Beginning with the line that contains "cowboy hat a", repeat each line exactly through the end of the listing below. Pictures stay out.

::: Data :::

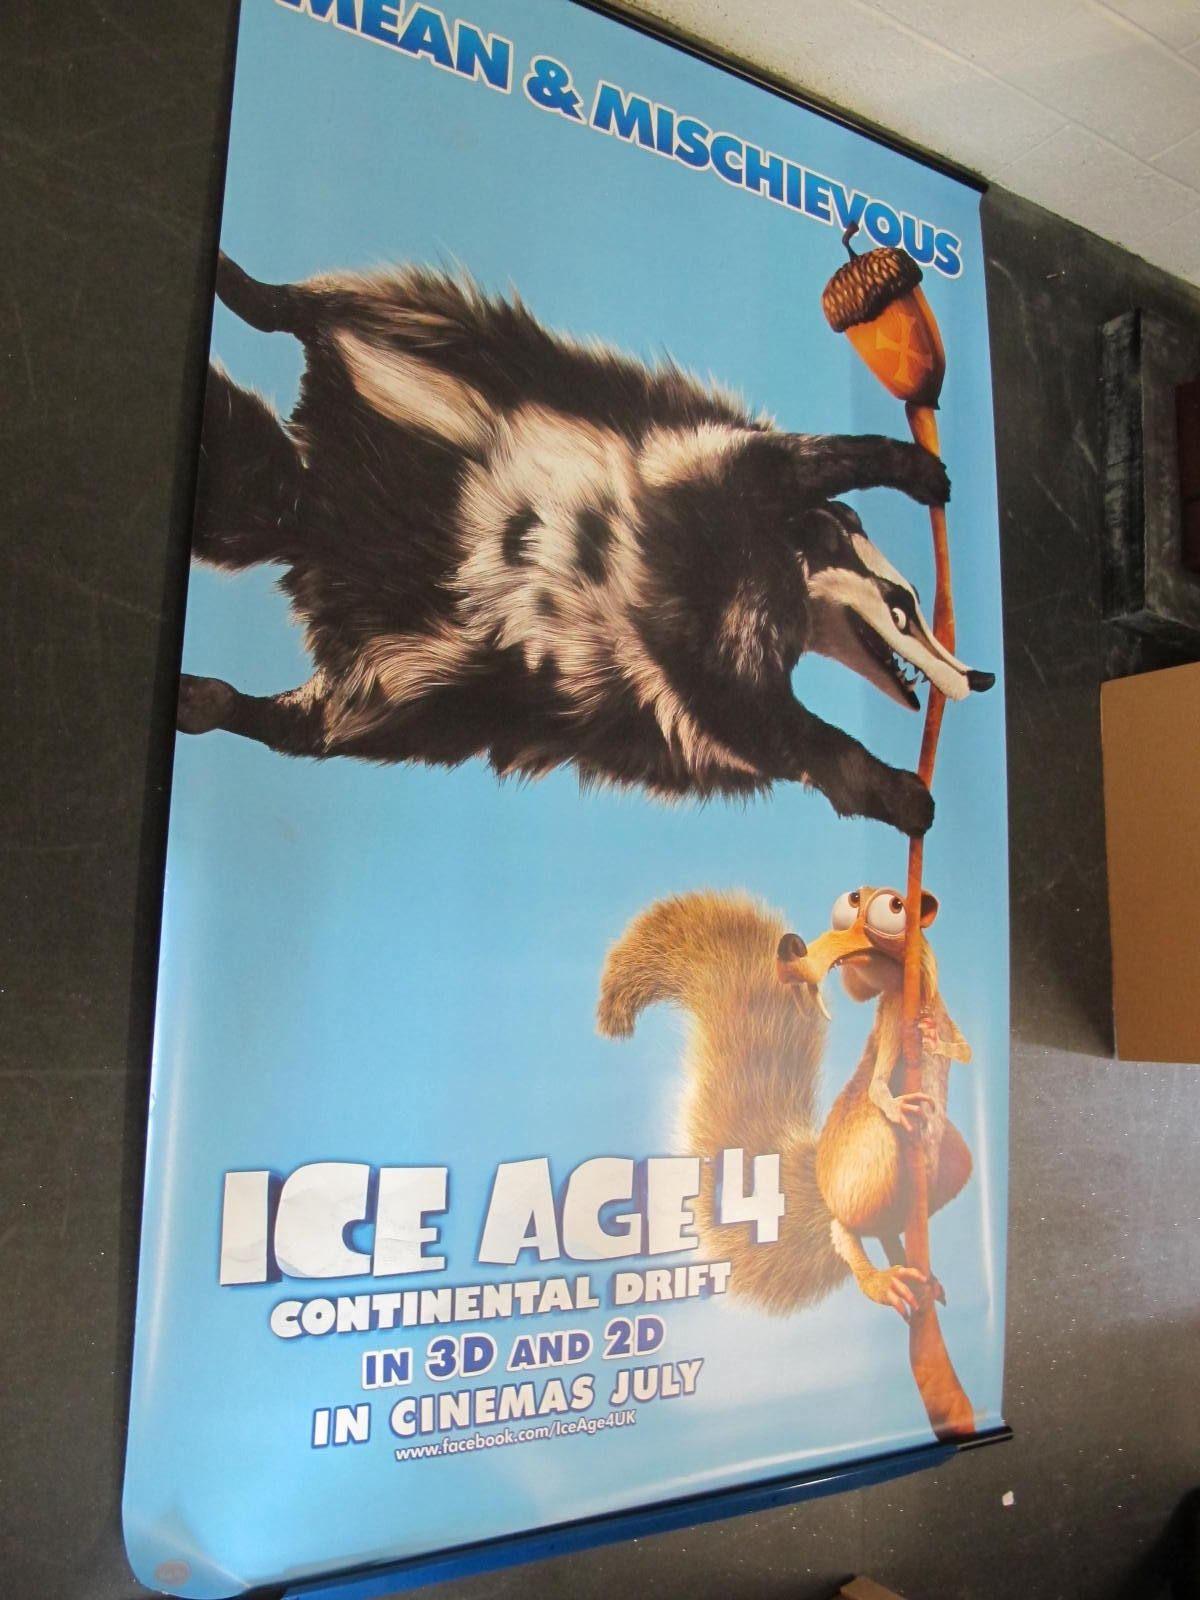 Ice Age 4, 2012 Official Cinema Banner, 244cm x 152cm.
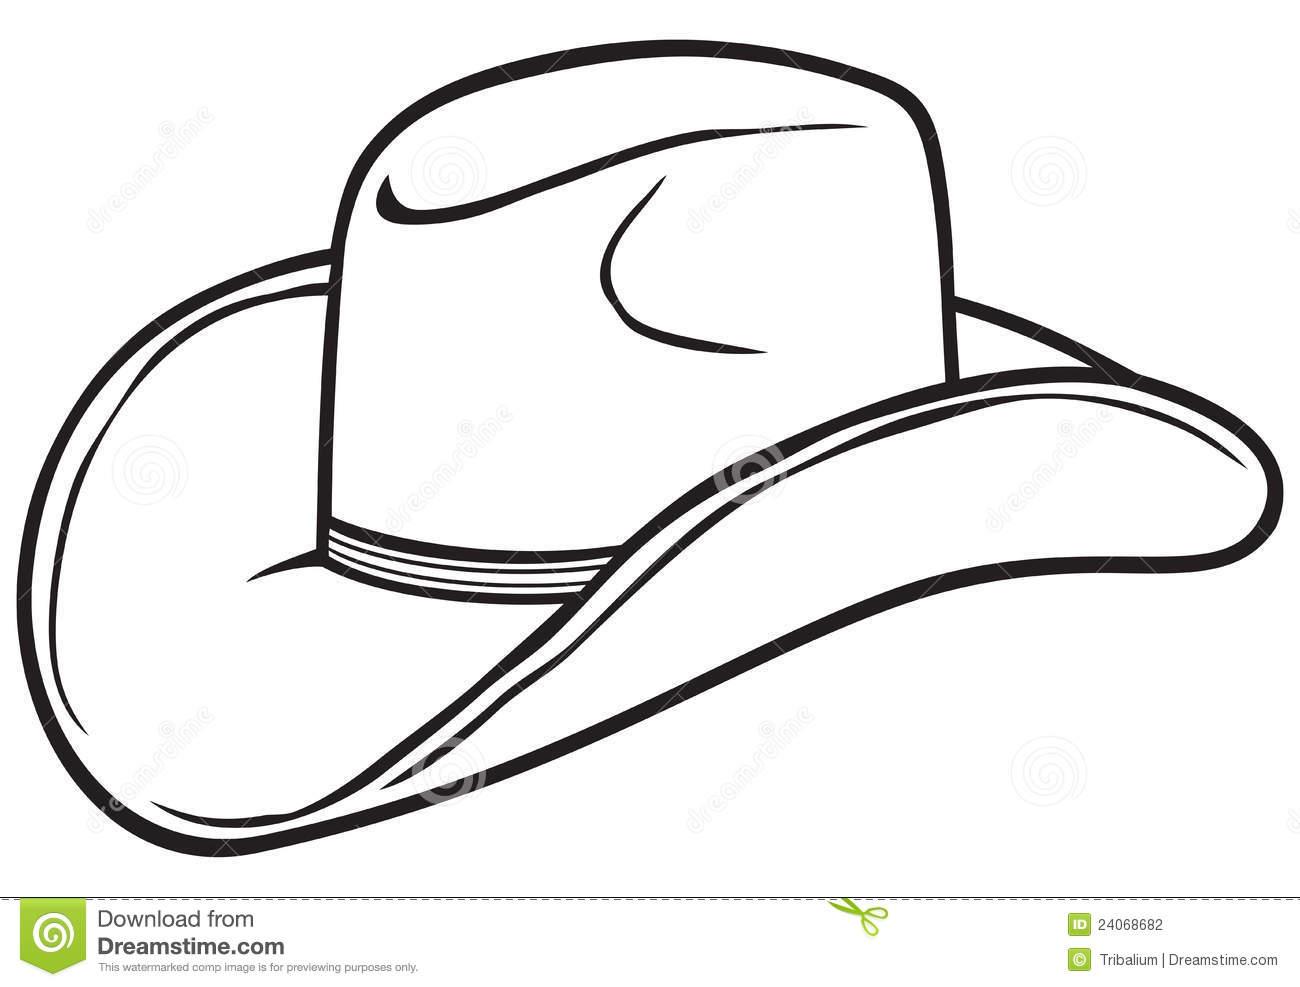 cowboy hat a symbol that clipart panda free clipart images rh clipartpanda com Cowboy Hat Background Vintage Cowboy Clip Art
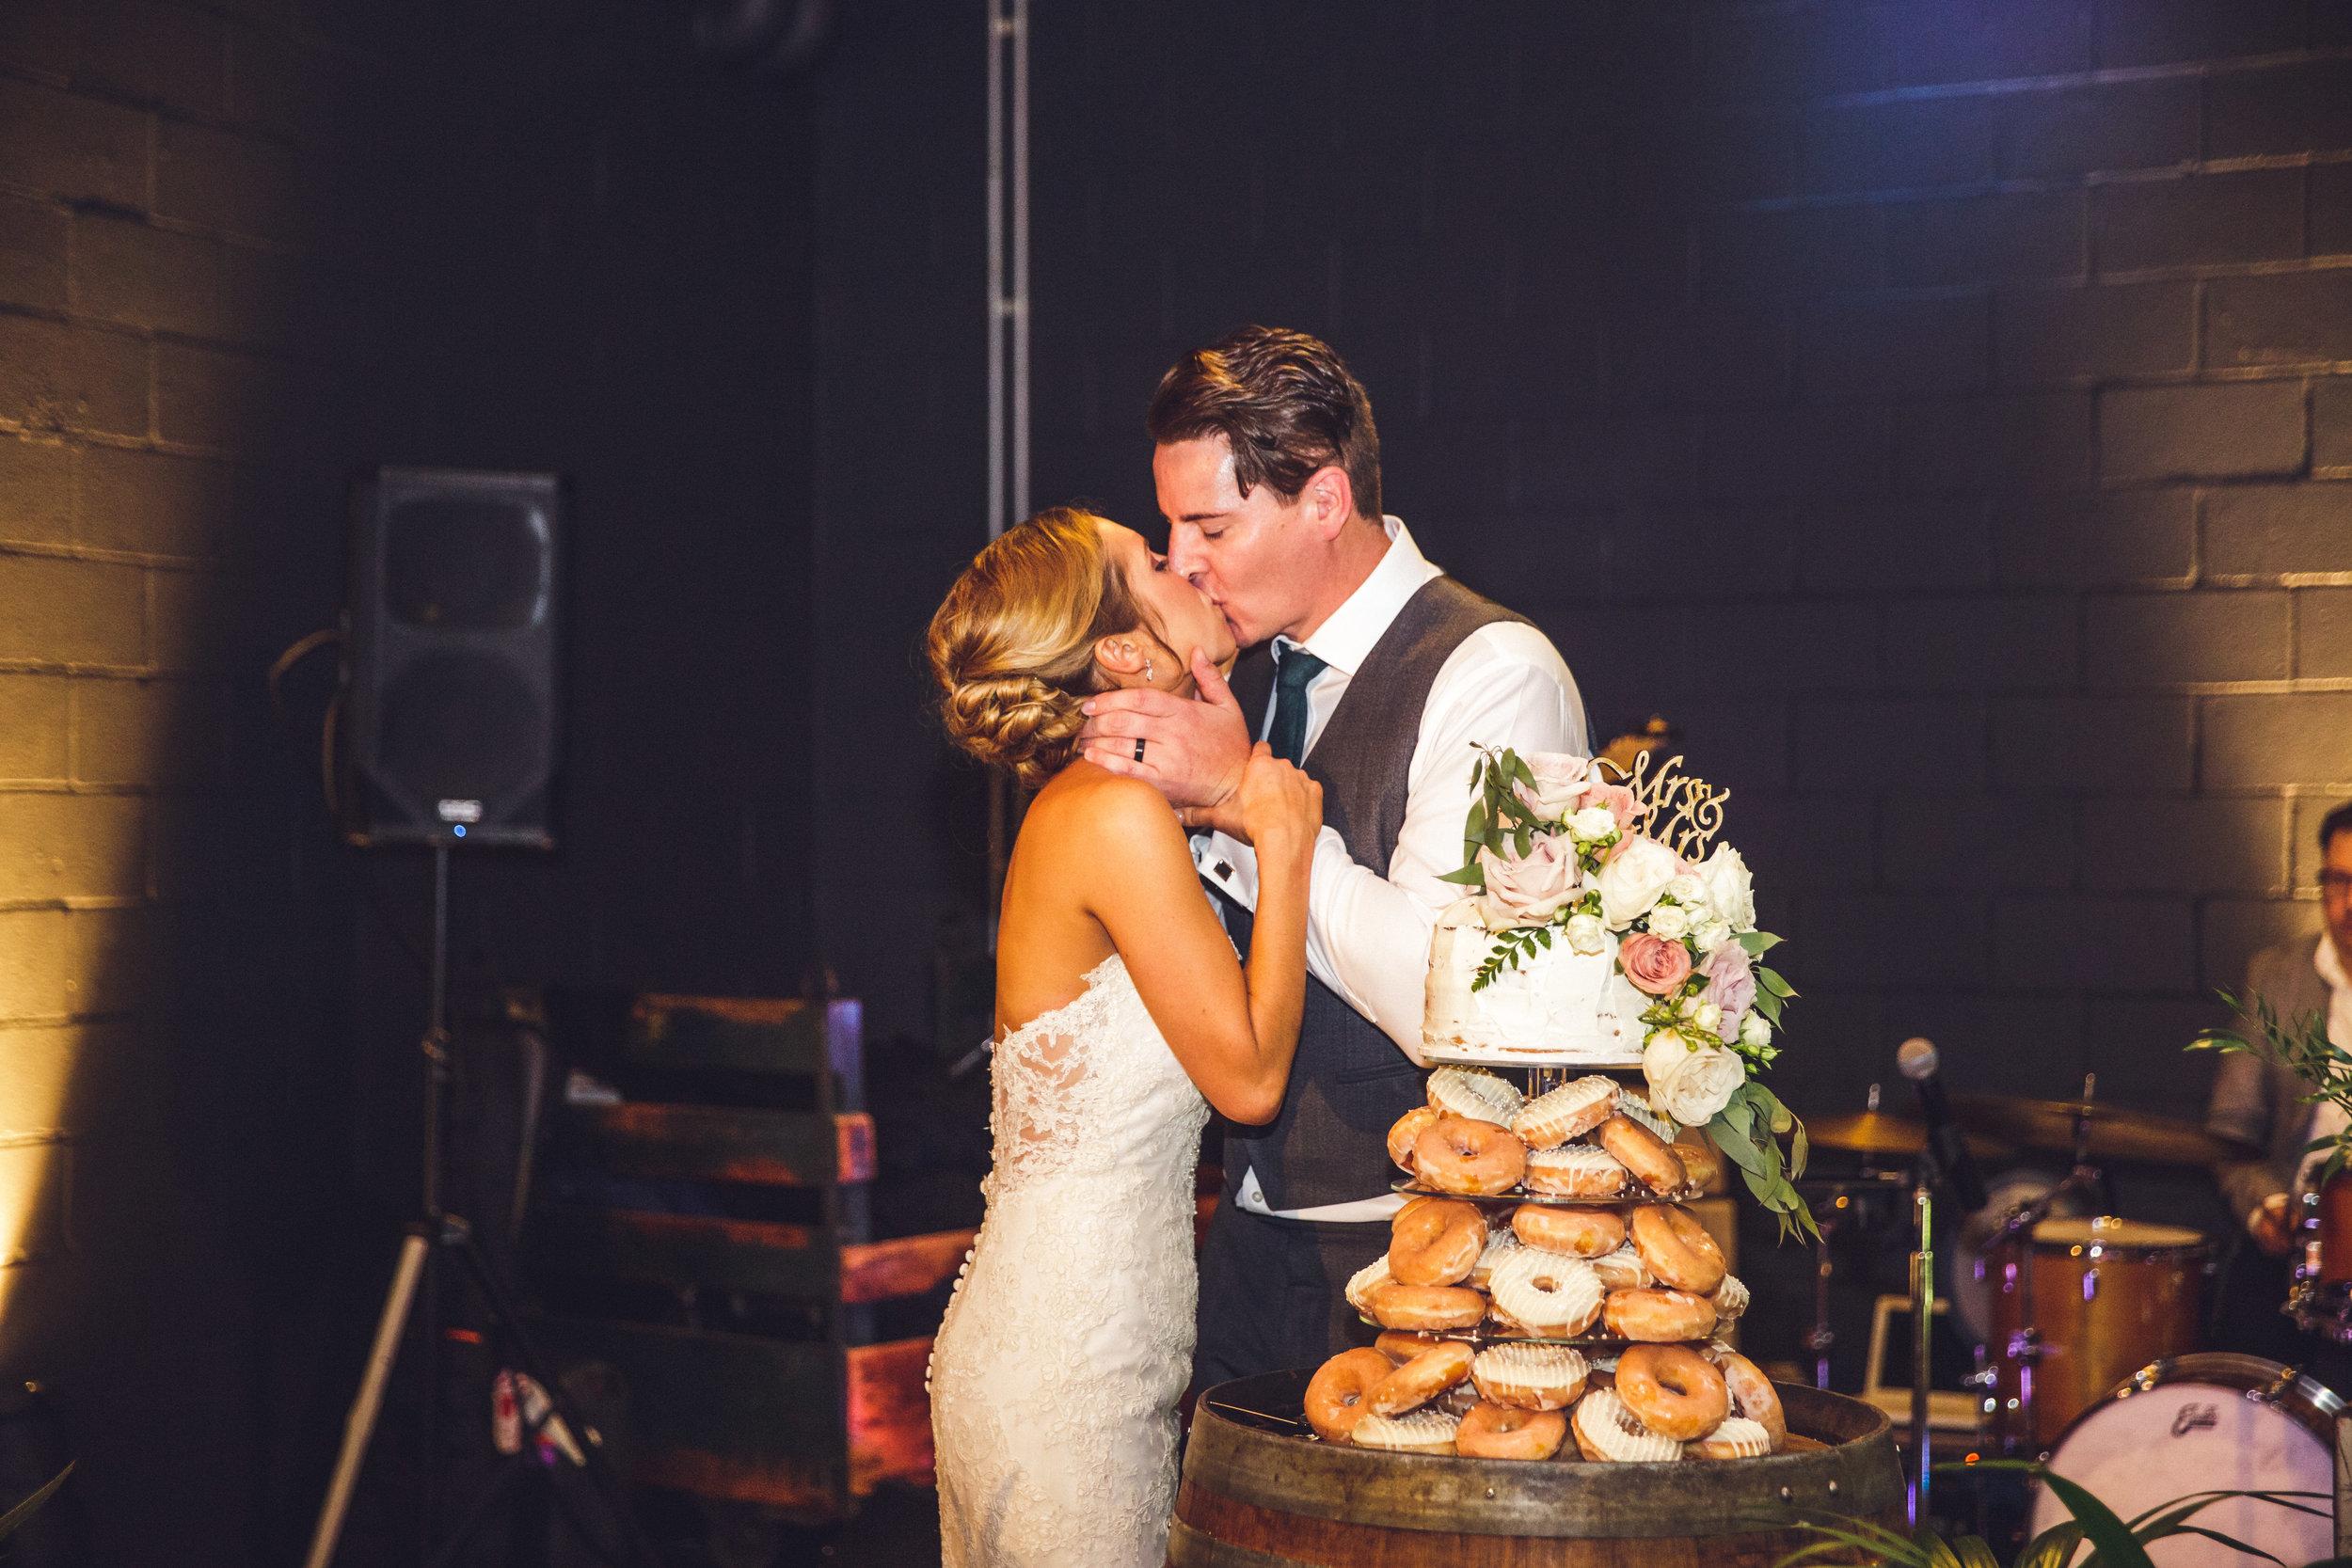 lightspace-brisbane-wedding-045.JPG

:::

— Solution for this task —
 cowboy hat a symbol that clipart panda free clipart images rh clipartpanda com Cowboy Hat Background Vintage Cowboy Clip Art
 lightspace-brisbane-wedding-045.JPG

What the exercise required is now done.